- Artist: Raphael
- Year: c. 1512–1515
- Type: oil on wood
- Dimensions: 60 cm × 44 cm (24 in × 17 in)
- Location: National Gallery of Art, Washington, D.C.;

= Portrait of Bindo Altoviti =

Painting by Raphael

The Portrait of Bindo Altoviti is a painting finished around 1515 by the Italian High Renaissance painter Raphael. It is housed in the National Gallery of Art in Washington, D.C., United States.

Bindo Altoviti, a wealthy banker born in Rome in 1491 of Florentine descent, was a cultured man with a strong appreciation for the arts.

The subject's graceful, almost effeminate pose, combined with the pronounced contrast between light and shadow, is atypical of Raphael’s portraits of men. This painting demonstrates Raphael’s experimentation with different styles during his later period in Rome, where he was heavily influenced by Leonardo work, which he studied closely. This influence is particularly evident in this piece.

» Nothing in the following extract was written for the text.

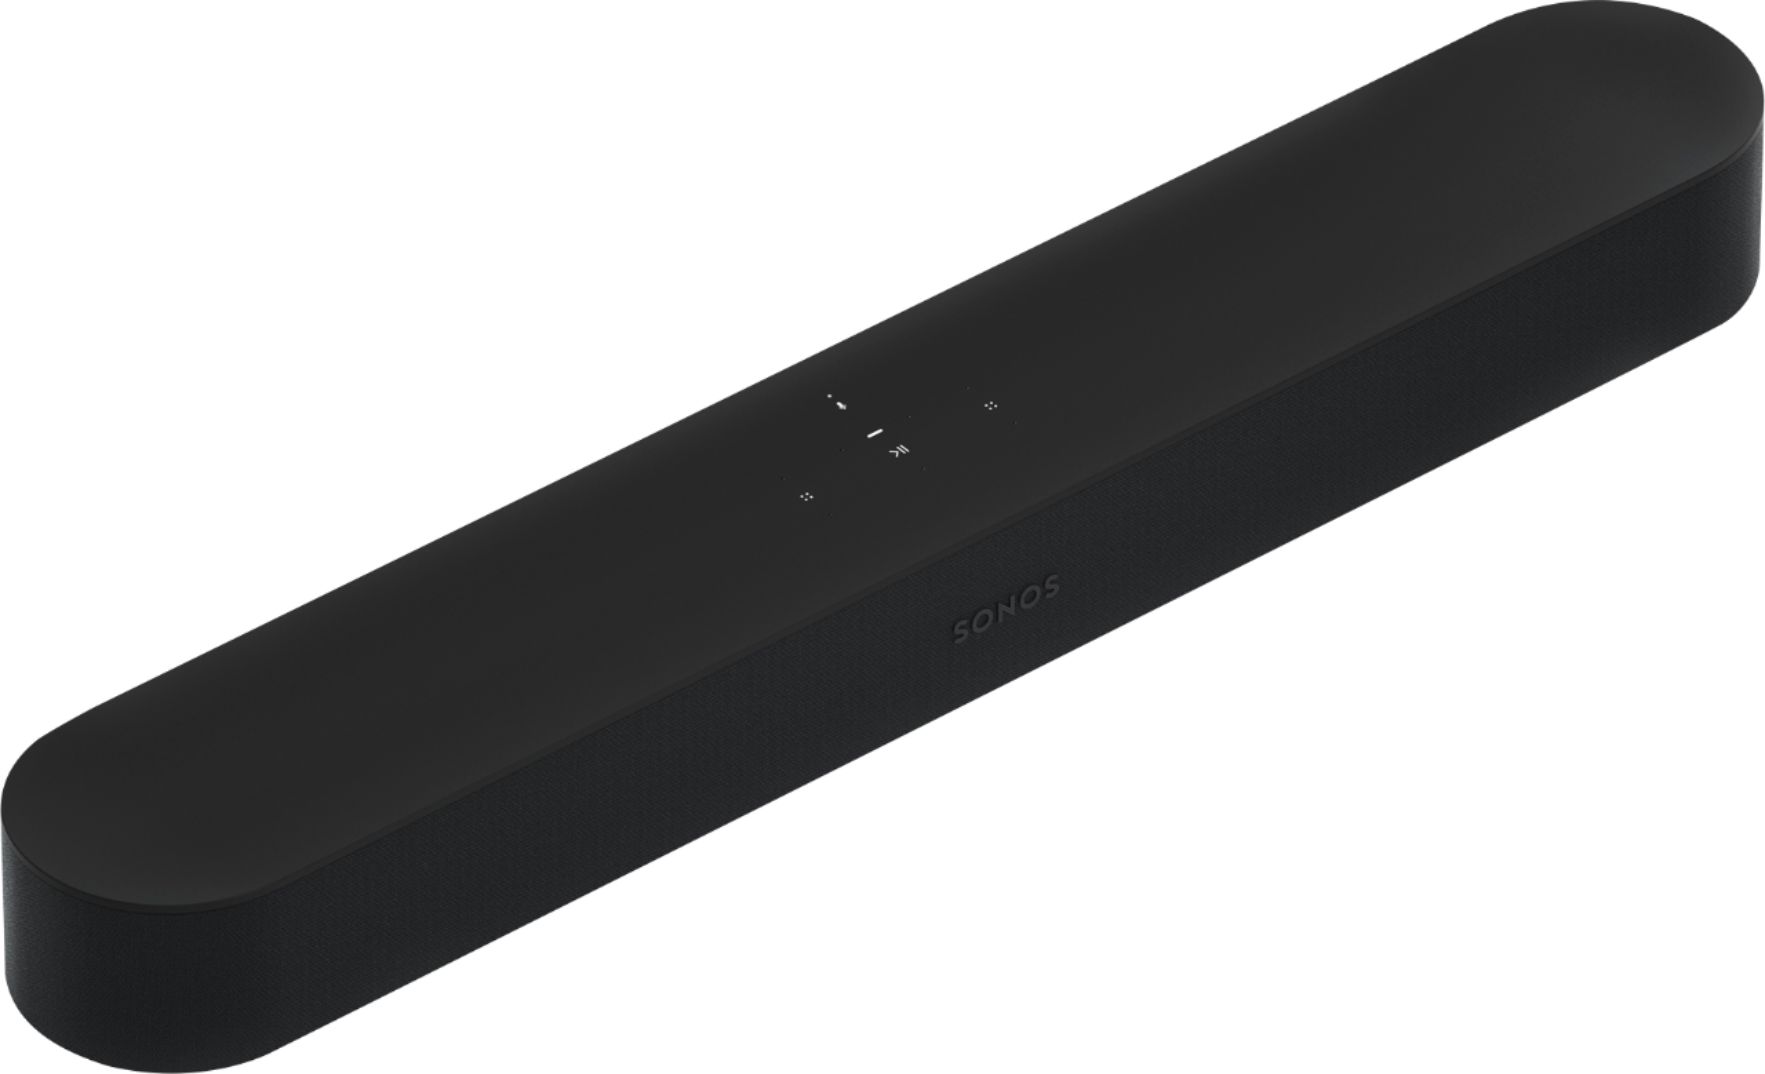 Angle View: SAMSUNG 2.0 Channel Wireless Rear Speaker Kit - SWA-8500S/ZA
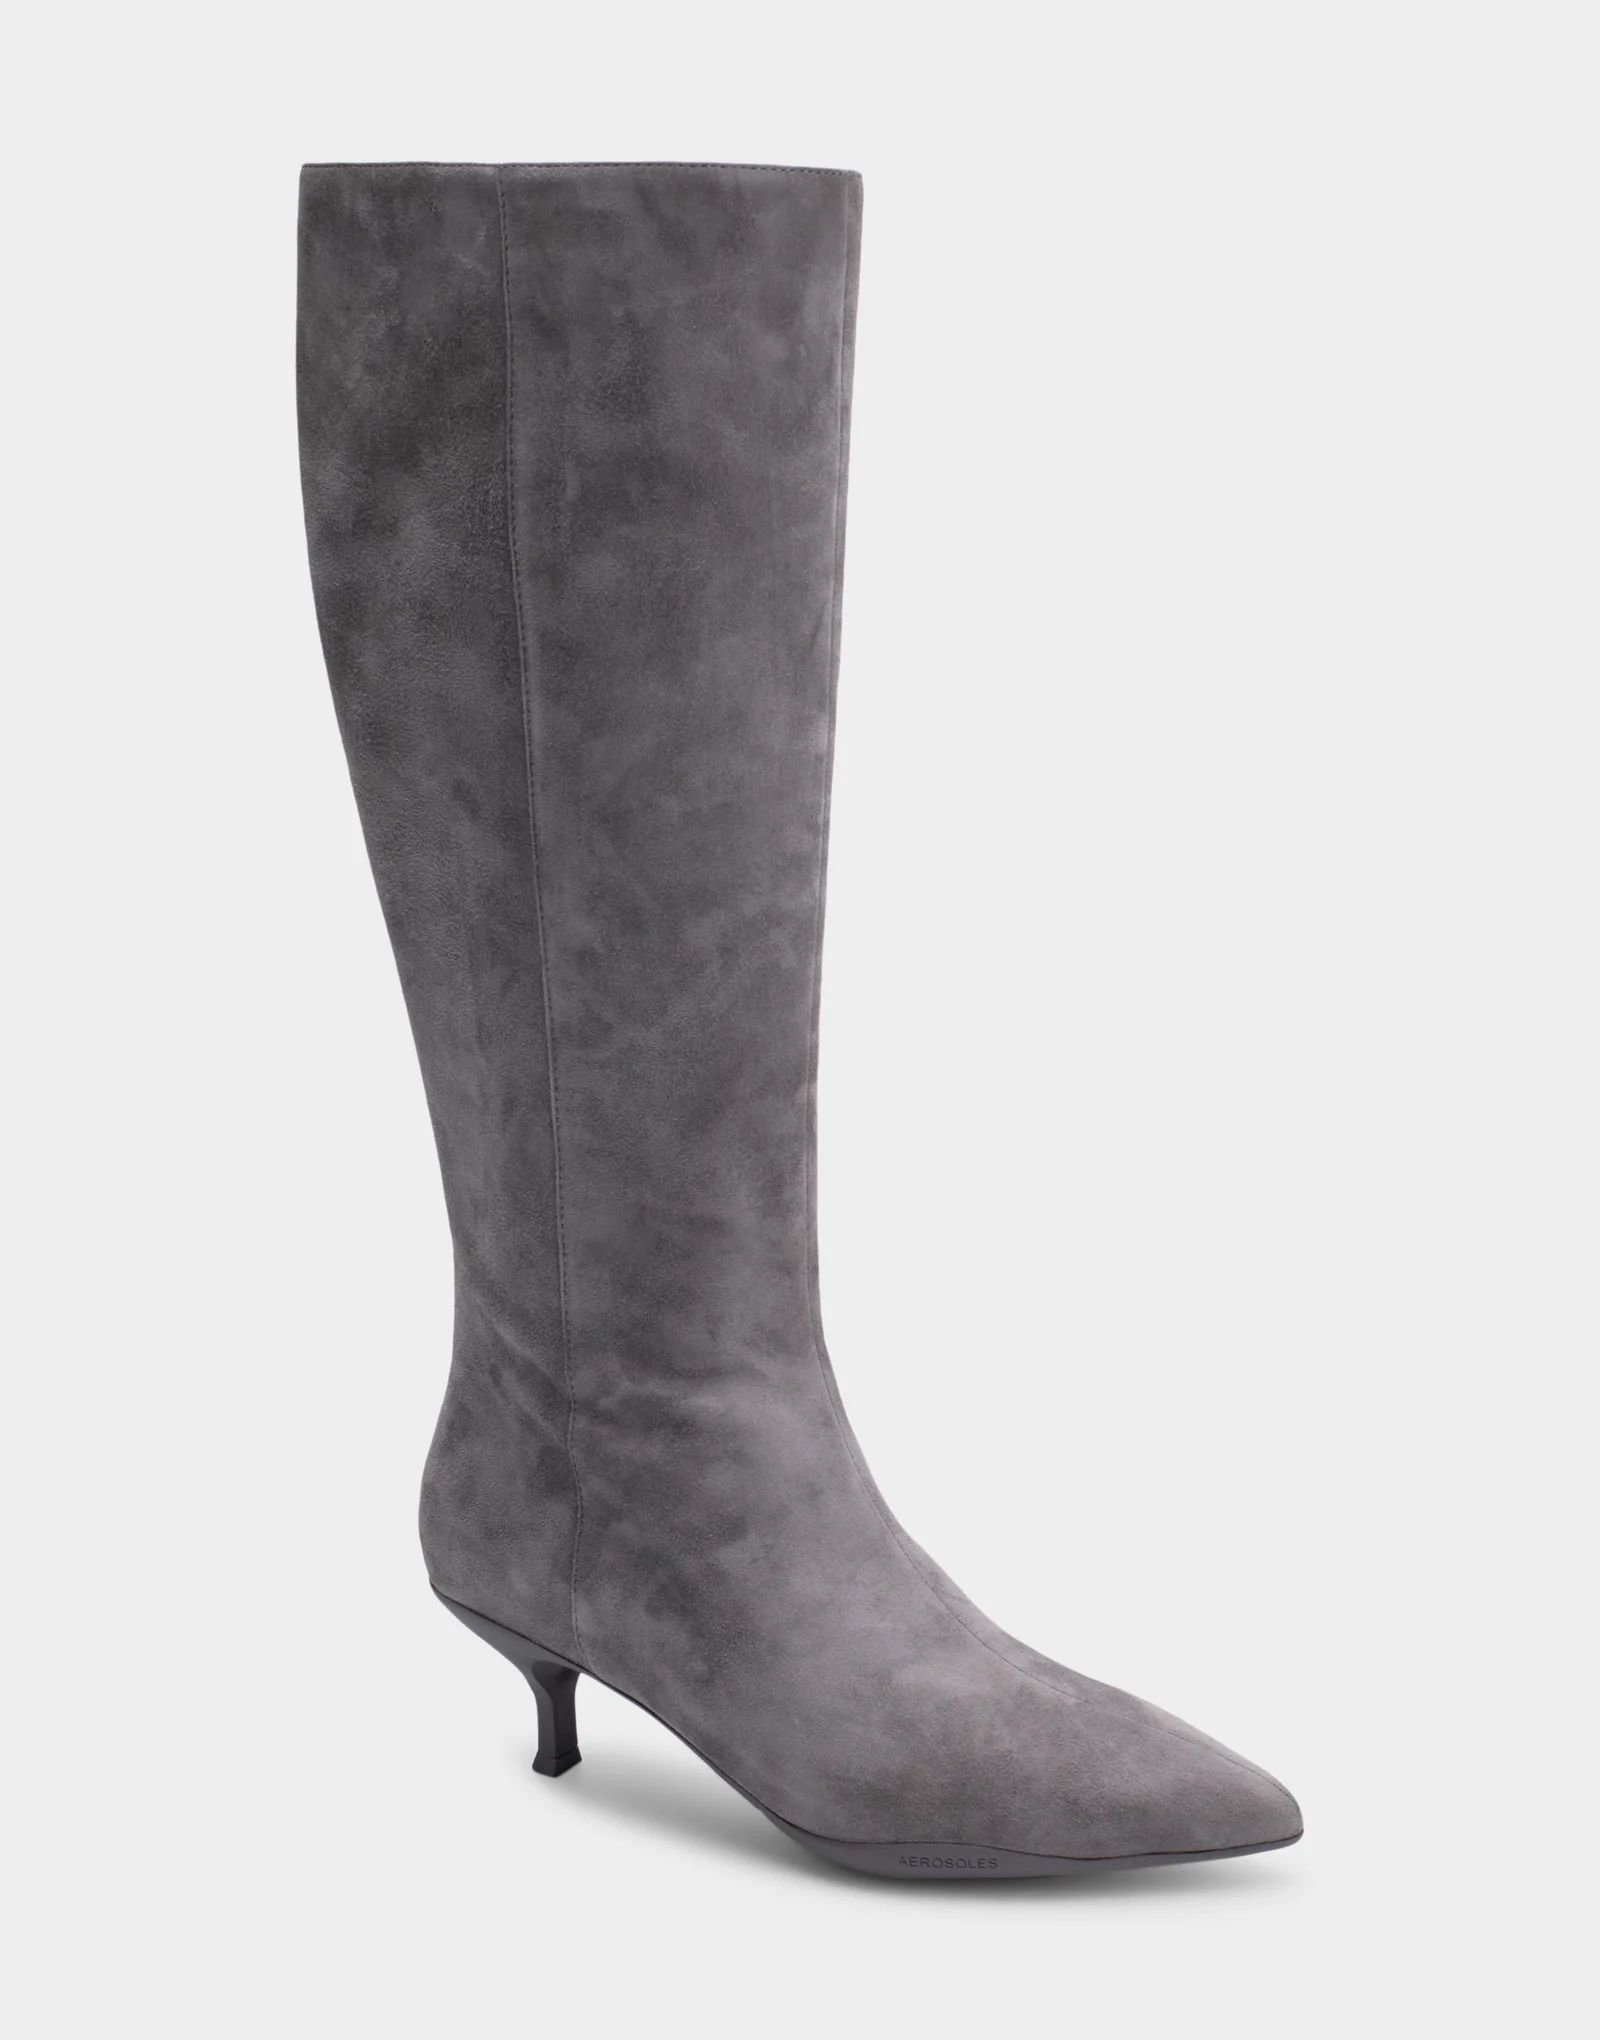 Women's Kitten Heel Tall Shaft Boot in Dark Grey | Aerosoles

The painting remained with Altoviti's descendants until 1808, when it was sold to Ludwig I of Bavaria. It then resided at the Alte Pinakothek until 1936, when, following considerable debate over its attribution, it was removed from Nazi Germany by "canny English dealers". Acquired by Samuel Henry Kress, the portrait subsequently became property of the National Gallery of Art collection in Washington, D.C.

A bronze bust of Altoviti by Benvenuto Cellini is exhibited in Boston at the Isabella Stewart Gardner Museum.